I was trying to use it but I was unable to scale it efficiently in time. I checked via htop on Ubuntu 20 that it was being used only one core.
Now, I am on a VM so if the problem is this that's okay but otherwise would it be possible to let the code being compiled have multi-core support?

I tried to build EVA with the cmake -DUSE_GALOIS=ON . command, but nothing changed.

Thank you for your time!

The text was updated successfully, but these errors were encountered:

olsaarik · 2021-04-24T02:24:18Z

Hi! -DUSE_GALOIS=ON is indeed the right way to enable the multi-core support. I was able to reproduce the behavior on my end (also did not see multiple cores used in a program with ample concurrency), so it seems we have a regression. I'll investigate, thanks for filing the issue!

olsaarik · 2021-05-03T18:19:04Z

Turns out Galois was defaulting to 1 thread and we were missing a call to galois::setActiveThreads.

This issue should be fixed in main with EVA defaulting to as many threads as there are cores available to the process. I've also exposed a new function set_num_threads in the Python API that lets you control the amount of parallelism.

comidan · 2021-05-03T19:05:58Z

Thank you very much for the support @olsaarik !

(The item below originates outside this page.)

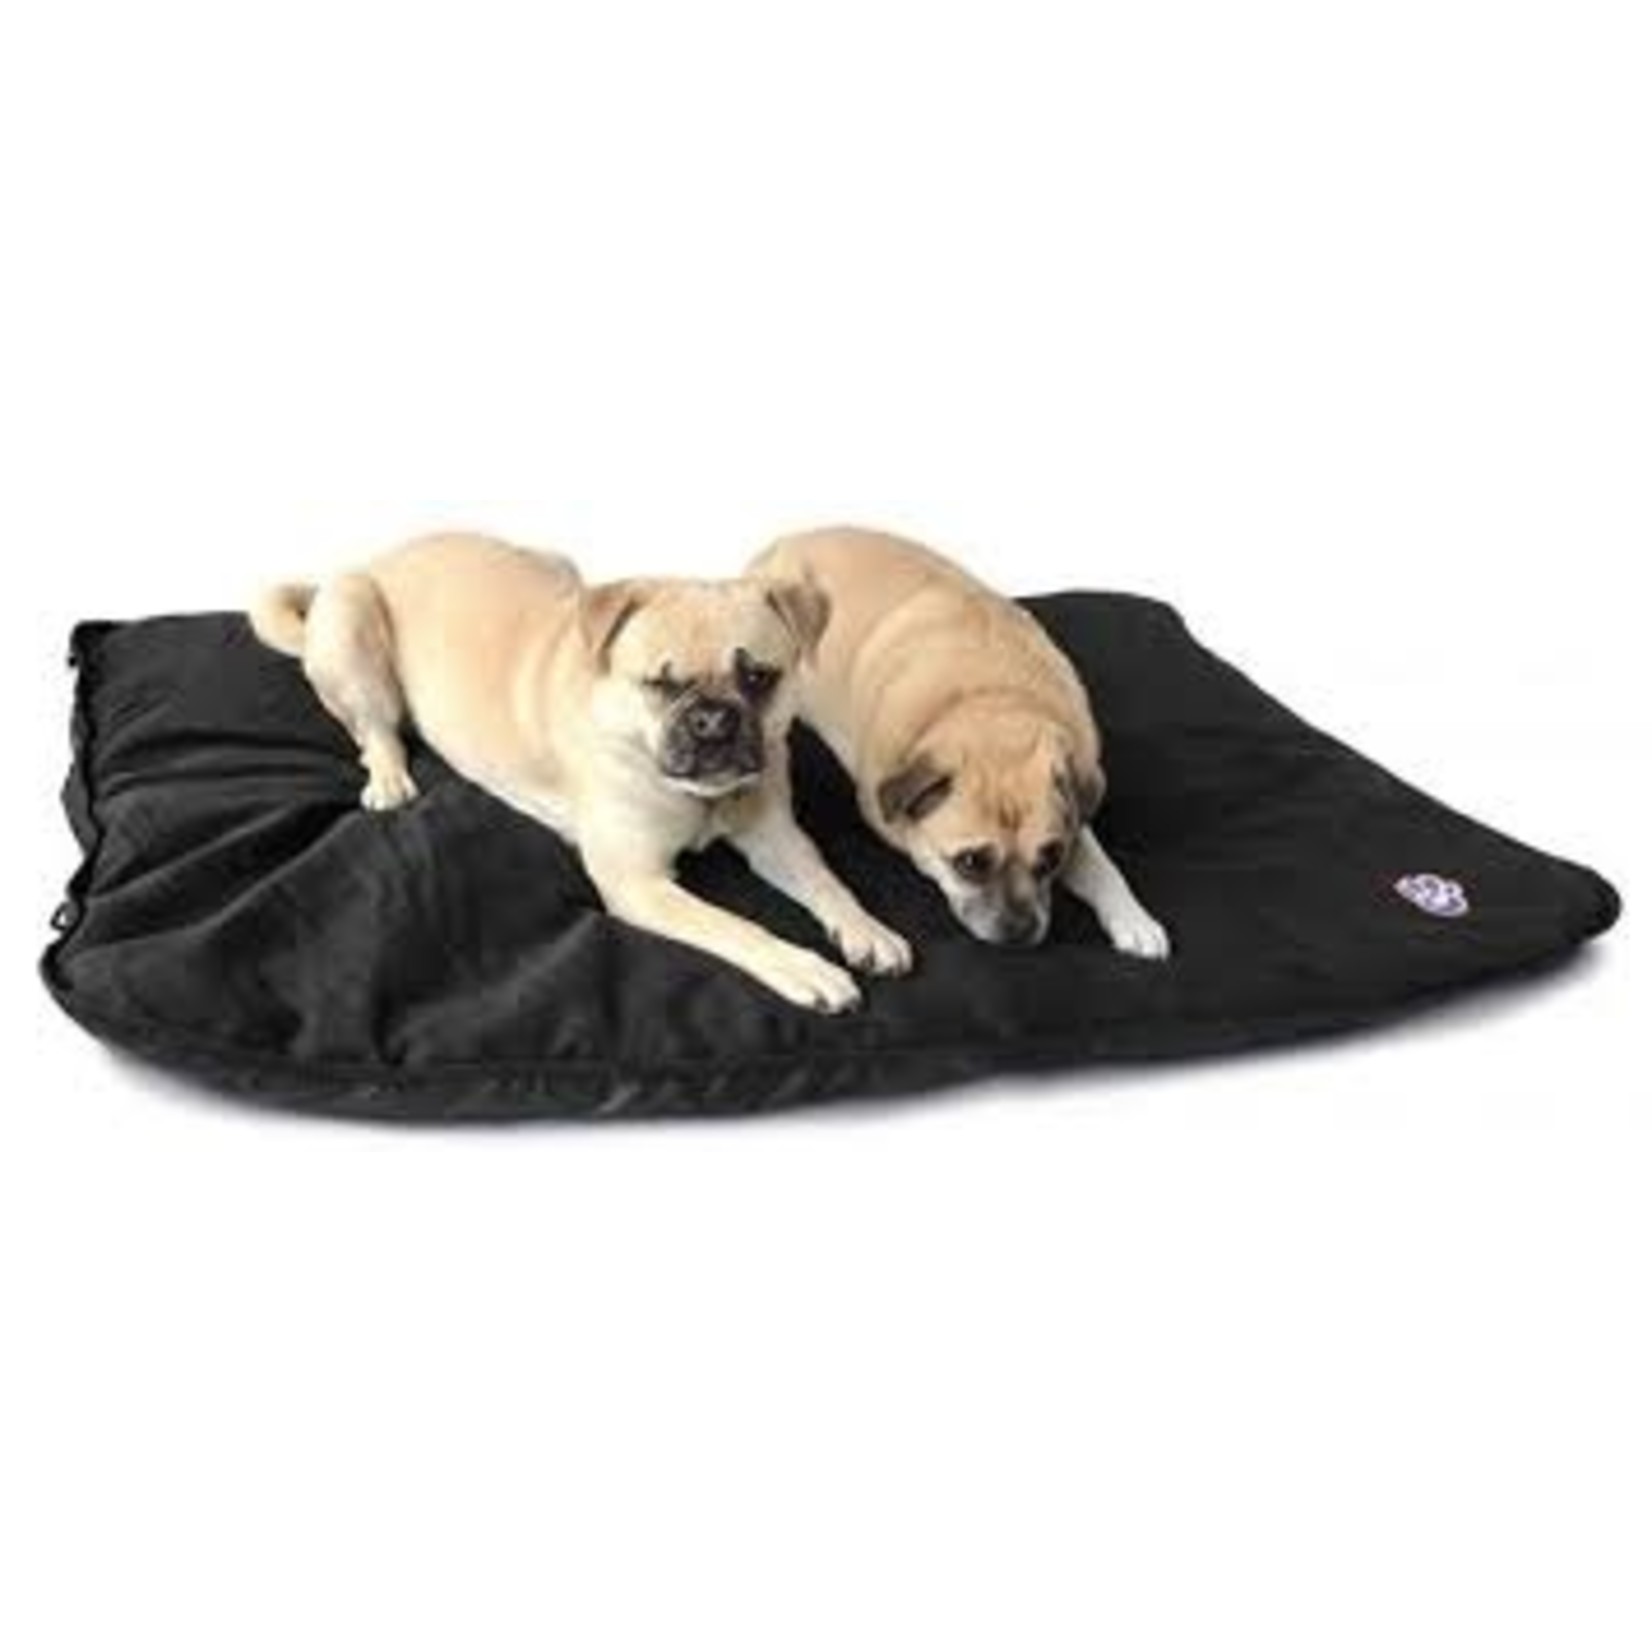 Canada Pooch Canada Pooch - Travel Bed Rugged Rest to Go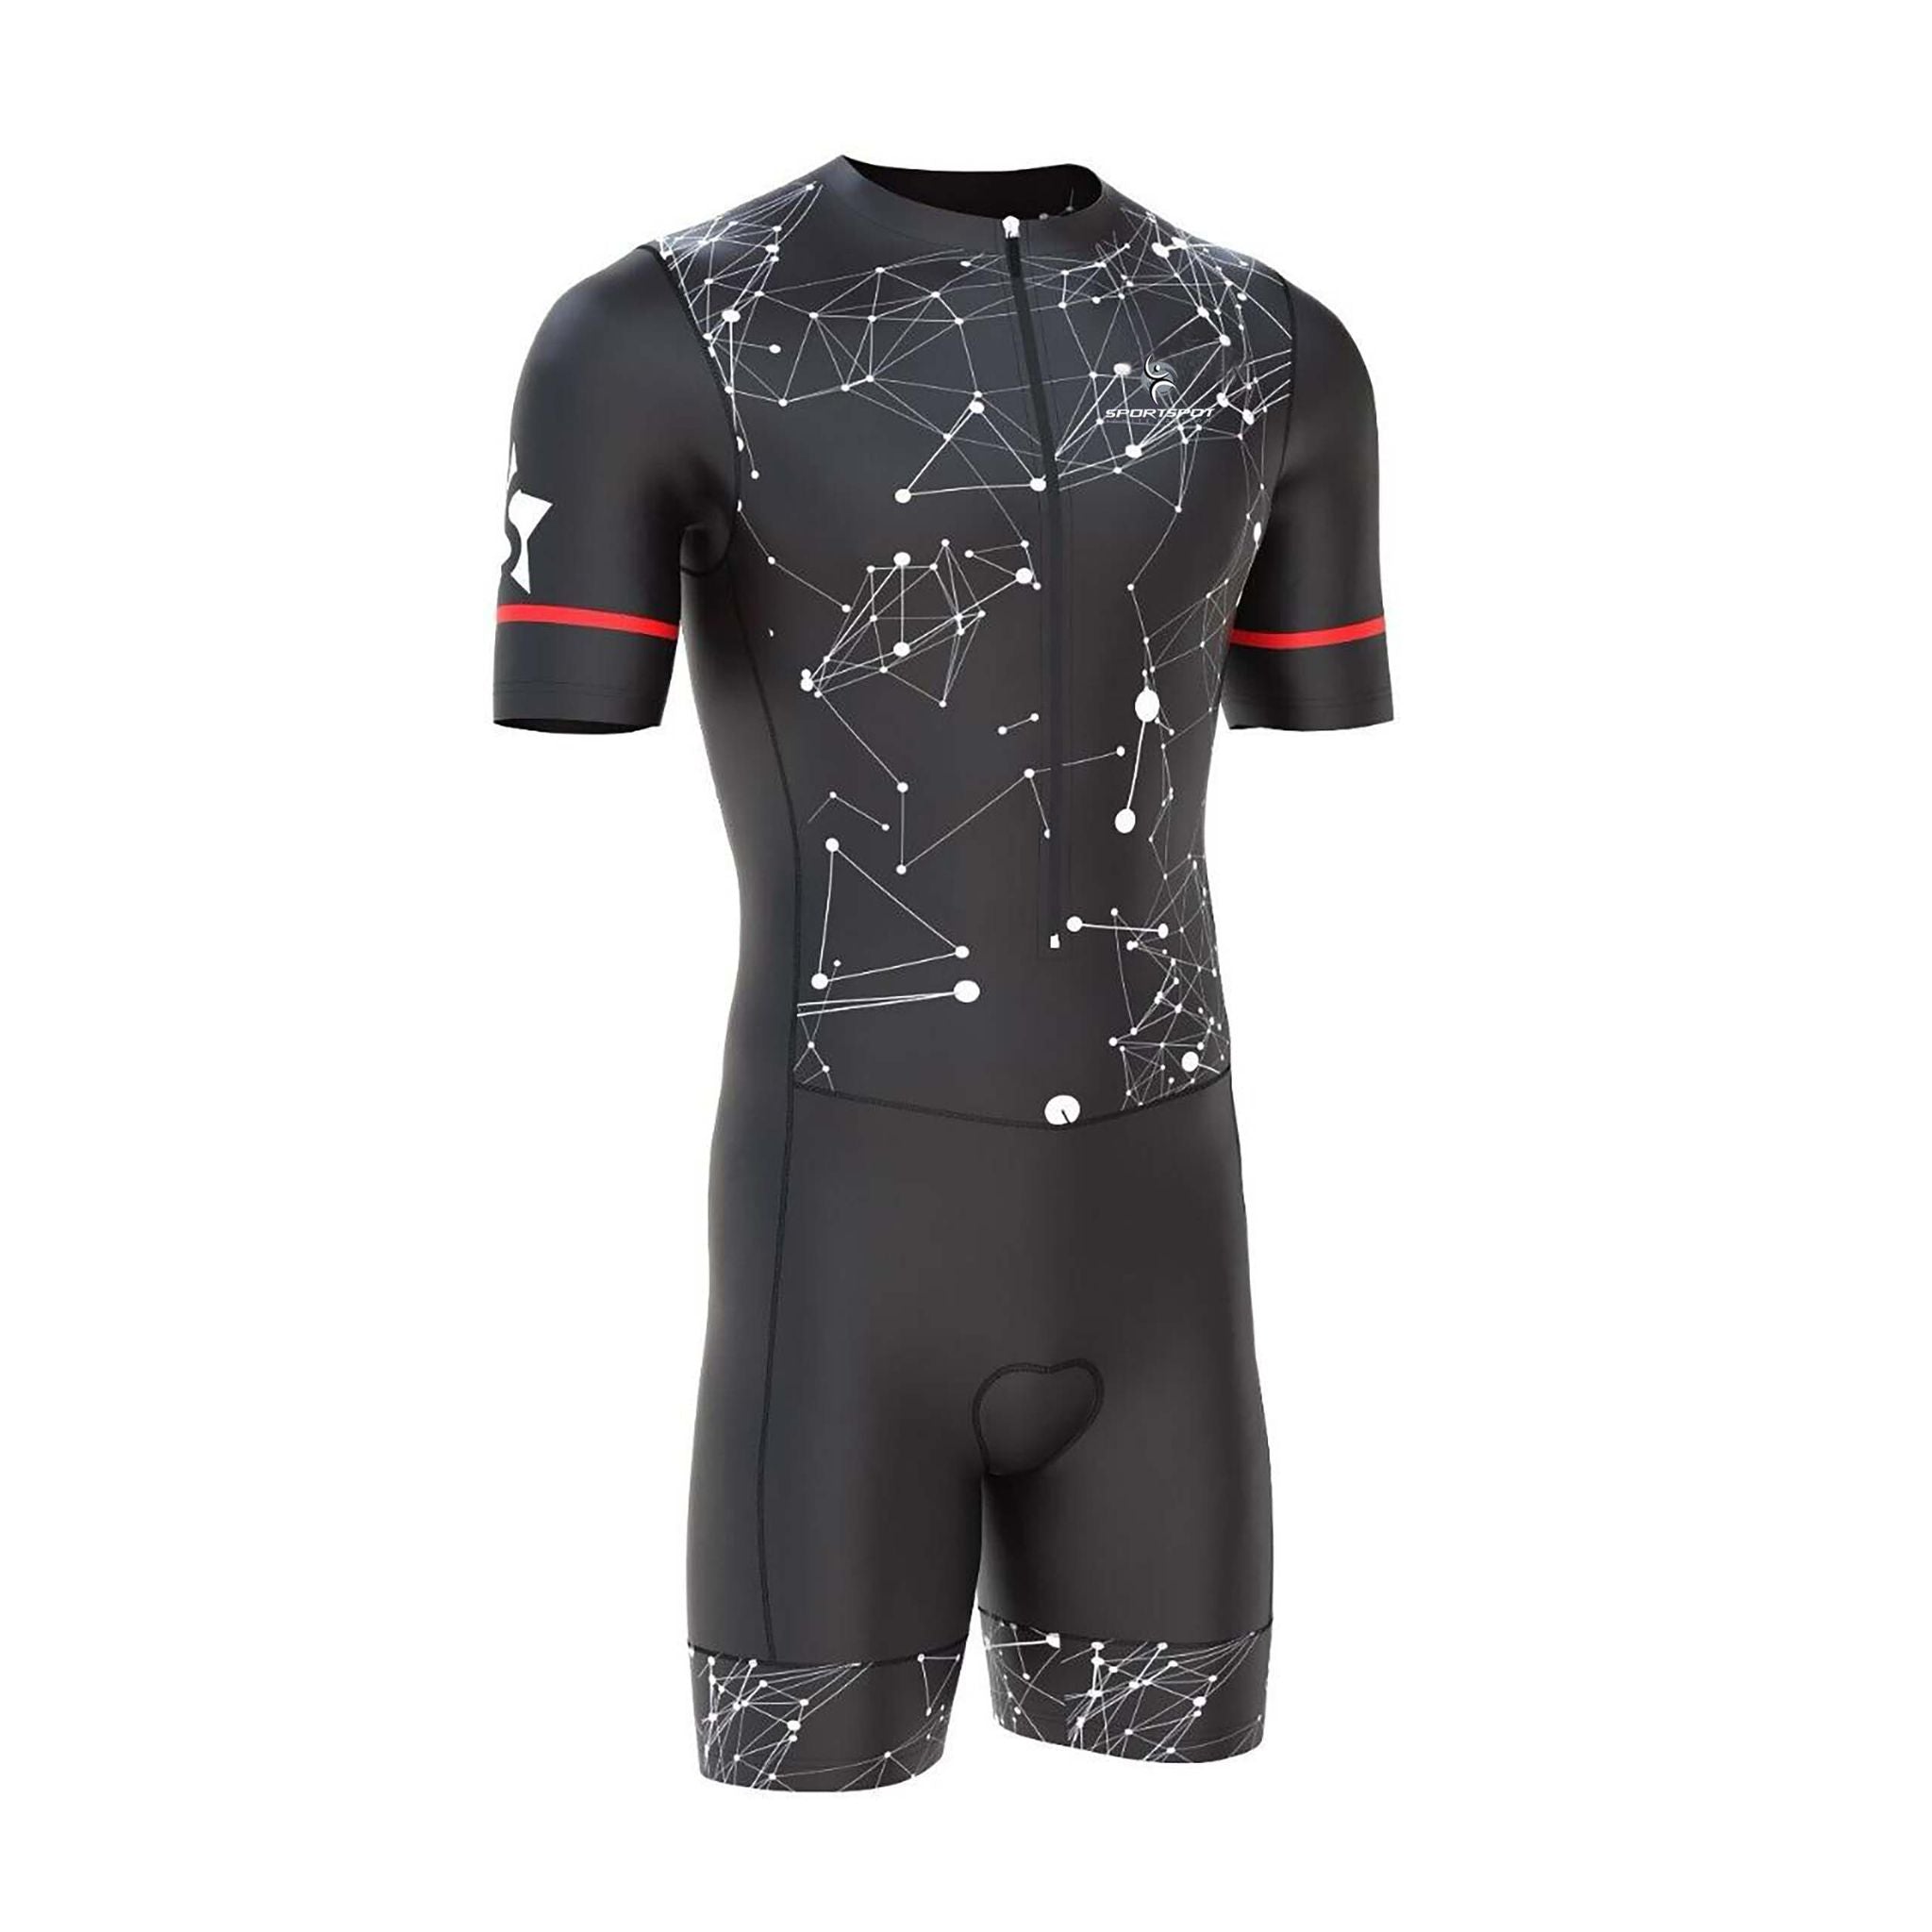 Men's Triathlon Compression Skinsuit for Cycling, Running, and Swimming with Gel Padding

I tried right now to clone EVA and install it with -DUSE_GALOIS=ON but when I try to run my code I don't see any parallelism in place by looking at HTOP:

My code is this:

from eva import EvaProgram, Input, Output, evaluate
from eva import evaluate
from eva.ckks import CKKSCompiler
from eva.seal import generate_keys
from eva.metric import valuation_mse
from common import *
from random import uniform
import numpy as np
import unittest
import math

batch = 2
dim = 32
dim1 = 32

def linear(x, y):
	return np.matmul(x, y) # + bias

def attention(x):
	temp = np.array([i for i in range(dim*dim1)]).reshape(dim, dim1) / 1000
	query = linear(x, temp)
	key = linear(x, temp)
	value = linear(x, temp)
	return query, key, value

def self_attention(query, key, value):
	temp = linear(query, key)
	
	temp = linear(temp, np.arange(dim*dim).reshape(dim,dim))
   
	temp = linear(temp, value)
	return temp

def norm(x):
	return linear(x, np.arange(dim*dim).reshape(dim,dim))

def ff(x):
	return linear(linear(x, np.arange(dim*dim).reshape(dim, dim)/1000), np.arange(dim*dim).reshape(dim, dim)/1000)

def classifier(x):
    v = np.arange(dim*2).reshape(dim,2)/1000
    w = np.arange(2*2).reshape(2,2)/1000
    return np.dot(np.dot(x, v), w)

transformer = EvaProgram('transformer', vec_size=dim*dim1)
with transformer:
	x = np.array([Input(f'x{i}') for i in range(batch*dim*dim1)]).reshape(batch, dim, dim1)
	print(x.shape)
	query, key, value = attention(x)
	attn = self_attention(query, key, value)
	out = norm(attn)
	out = ff(out)
	out = out ** 2
	out = norm(out)
	out = out ** 2
	out = classifier(out)
	print(out.shape)
	for i in range(out.shape[0]):
		for j in range(out.shape[1]):
			for k in range(out.shape[2]):
				Output(f'y{i+j}', out[i][j][k])

transformer.set_input_scales(32)
transformer.set_output_ranges(32)

if __name__ == "__main__":
	compiler = CKKSCompiler(config={'security_level':'128', 'warn_vec_size':'false'})
	compiled, params, signature = compiler.compile(transformer)
	print("poly degree: ", params.poly_modulus_degree)
	print("prime bits: ", params.prime_bits)
	print("rotations: ", params.rotations)

I also tried to encapsulate the logic written inside the EvaProgram in a loop as suggested here #6 but only one core was being used, is there anything wrong?
Notice that I'm just trying to compile the EvaProgram in order to obtain the CKKS parameters, as for now I'm not running any evaluation: I don't know if the multithreading is only for evaluating the error in computation given some parameters or if hopefully it's also present for determining the parameters.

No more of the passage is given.